Figure: Binance and Huobi trading volume in the last 24 hours
Chart source: coinmarketcap
However, the growth rate of trading volume on the OSL platform is high. Since launching its digital asset and blockchain business in 2018, it has achieved a rapid growth in business scale in three years, with a compound annual growth rate of 382.2%.
The scale of OSL platform continues to expand, and SaaS will become a strategic focus
By 2020, the total assets of OSL platform grew 487% year-on-year to RMB 2.6 billion, the active users of the platform also grew 130% year-on-year, and the trading volume of the platform grew 228% year-on-year to RMB 149 billion, of which institutional trading volume accounted for 93%.
Source: BC Technology Group Annual Report 2020
OSL’s main source of revenue, and the focus of its business, is the digital asset trading business, which includes brokerage services and electronic trading platforms. . The chart below shows that OSL’s digital asset trading facilitation revenue accounts for 92% of the total revenue for the period.
In 2020, revenue from the SaaS business on OSL’s platform was RMB 8.8 million, including service fees from licensed SaaS customers and trading revenue, an increase of 132% year-over-year.

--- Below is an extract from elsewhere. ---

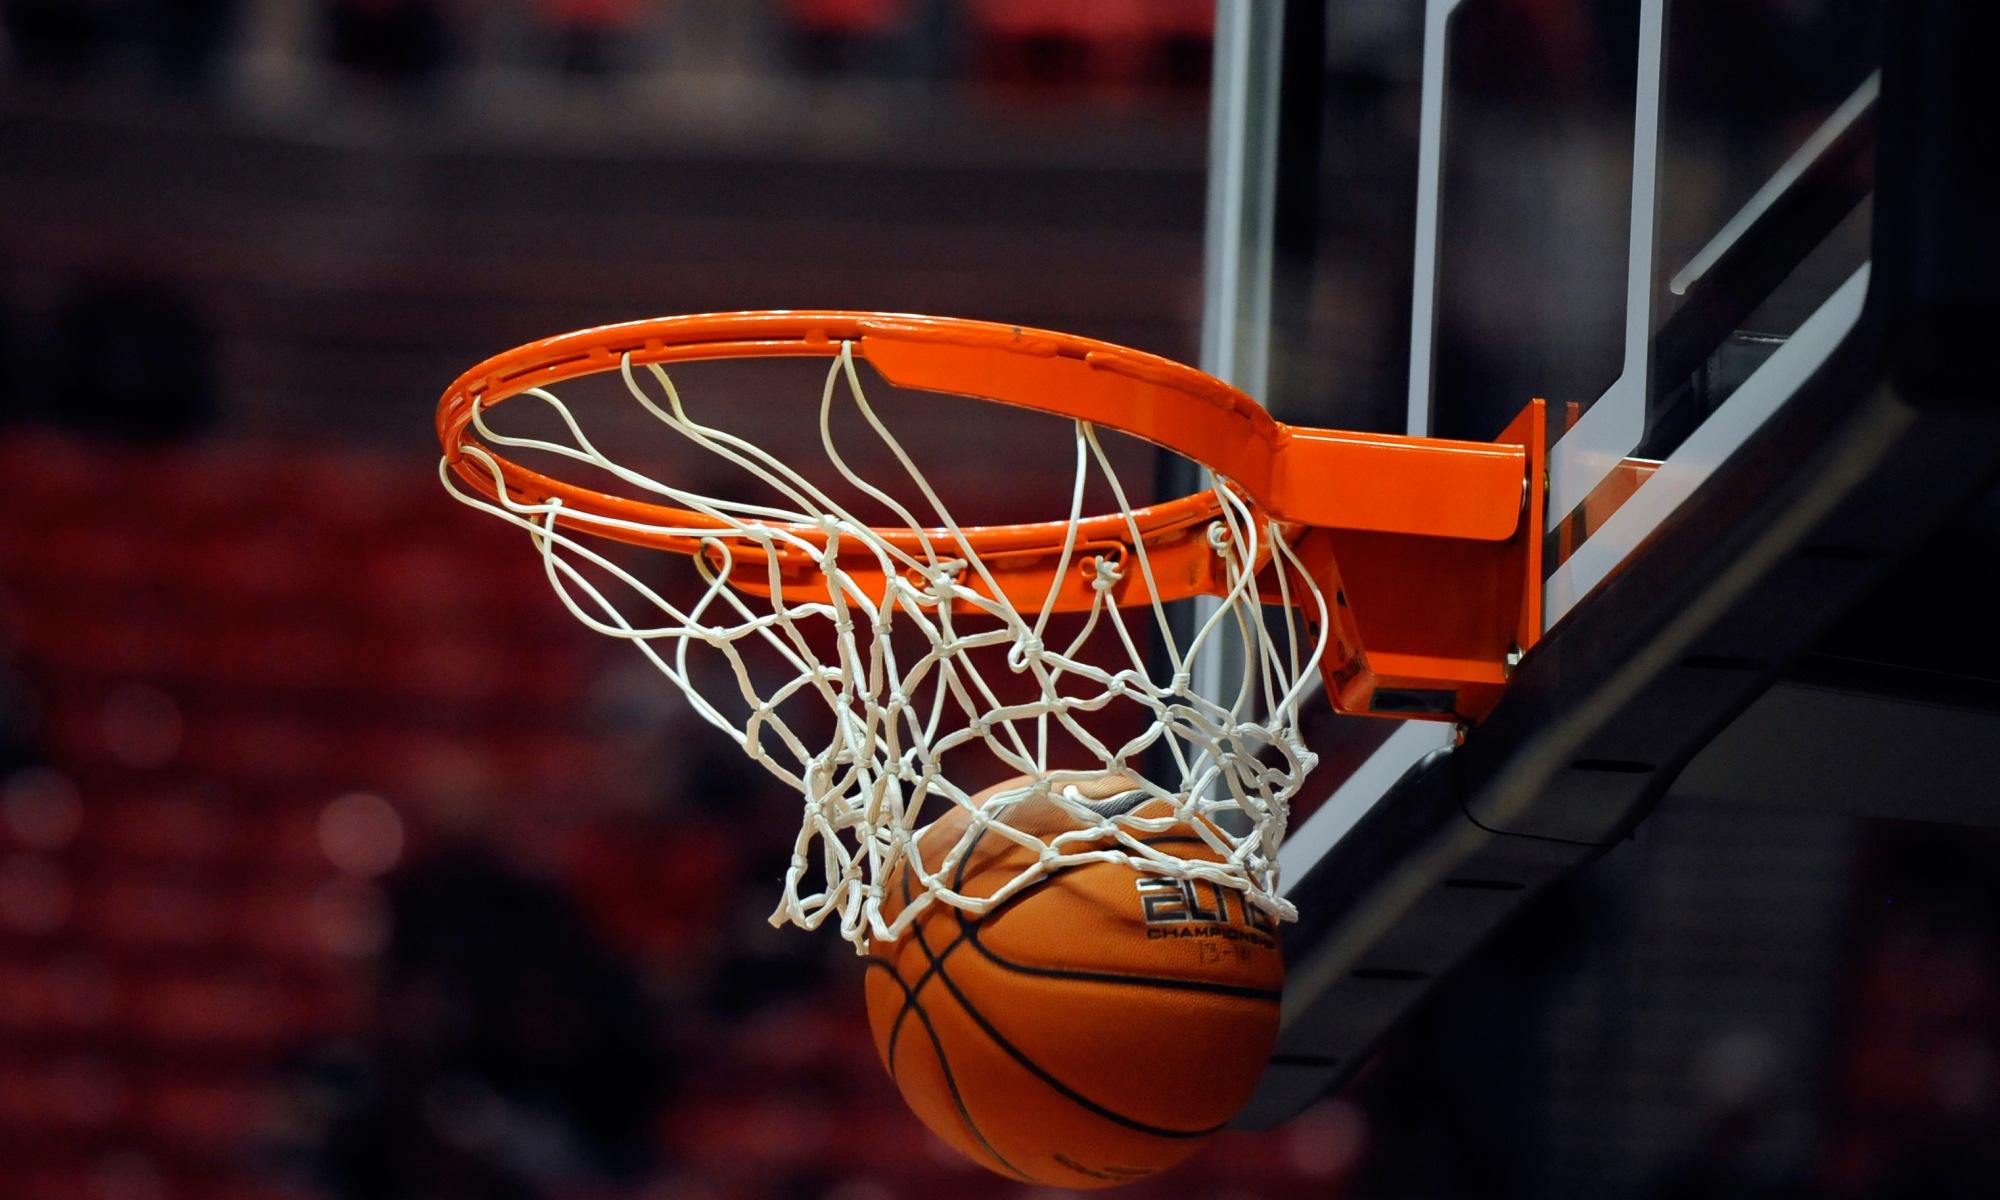 В Плевен привличат децата към баскетболната игра с различни инициативи.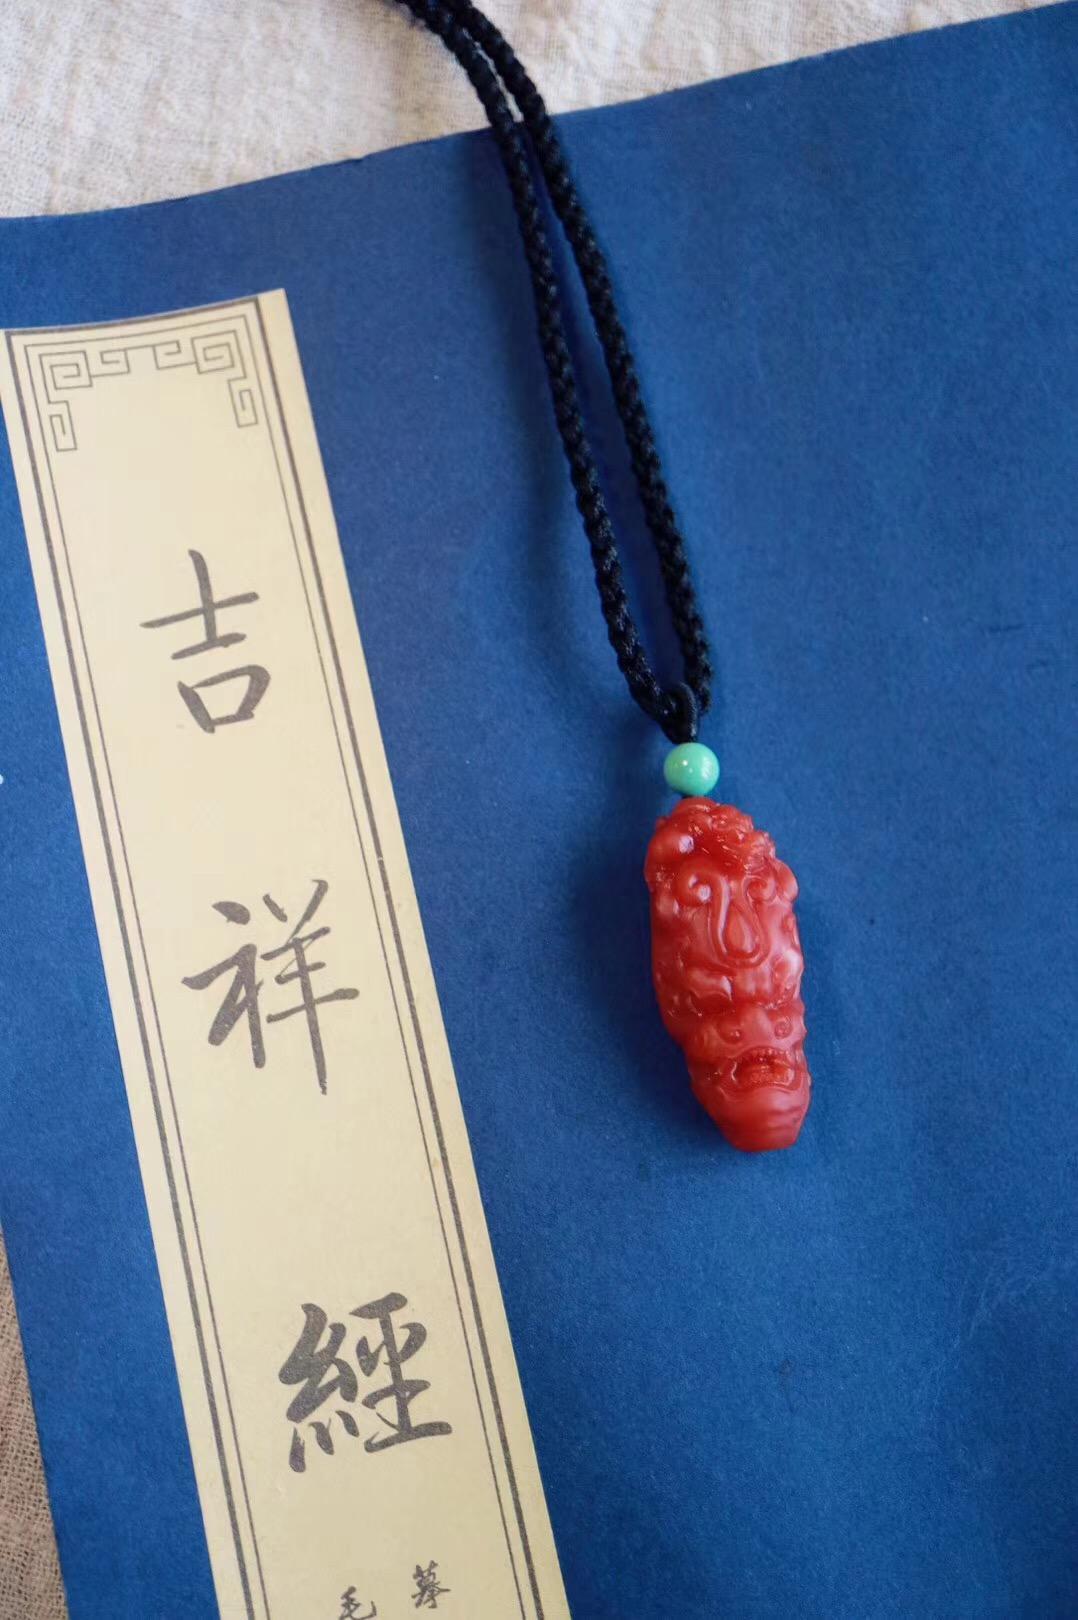 【菩心 | 保山南红貔貅吊坠】有一件经典之作,于细微处见真功夫-菩心晶舍

Although this revenue does not represent a significant portion of OSL’s revenue, due to its simple business logic and high reusability, BC Technology says SaaS will be a strategic focus for OSL in the coming months and years.
Currently, OSL’s SaaS business is geared towards institutional clients looking to get involved in digital assets. So far its completed services include a number of Southeast Asian banks or institutions, while OSL is a technology partner of DBS Bank, which previously announced the launch of its institutional custody and trading services.
On June 2, BC Technology’s partnership with Standard Chartered was reached, further illustrating that BC Technology Group’s SaaS services are receiving more and more attention and recognition from large traditional financial institutions.
Regarding the possibility of cooperation with the mainland, compared with Hong Kong, which is more advanced and open in digital asset regulation, the mainland is not yet fully open to digital asset trading and investment, but has a broad development prospect, and a considerable number of mainland investors have already started to seek digital asset trading. provide other digital assets trading. It will be a boon to mainland investors if BC Technology can reach a cooperation with the mainland.
Regarding the cooperation, Steve, a group executive, said, “China has a very promising future and we are particularly keen to cooperate with the Chinese mainland in digital assets.”
Posted by:CoinYuppie，Reprinted with attribution to:https://coinyuppie.com/the-annual-trading-volume-is-less-than-the-daily-trading-volume-of-coinan-why-bc-technology-can-still-grow-revenue-for-three-consecutive-years/
Coinyuppie is an open information publishing platform, all information provided is not related to the views and positions of coinyuppie, and does not constitute any investment and financial advice. Users are expected to carefully screen and prevent risks.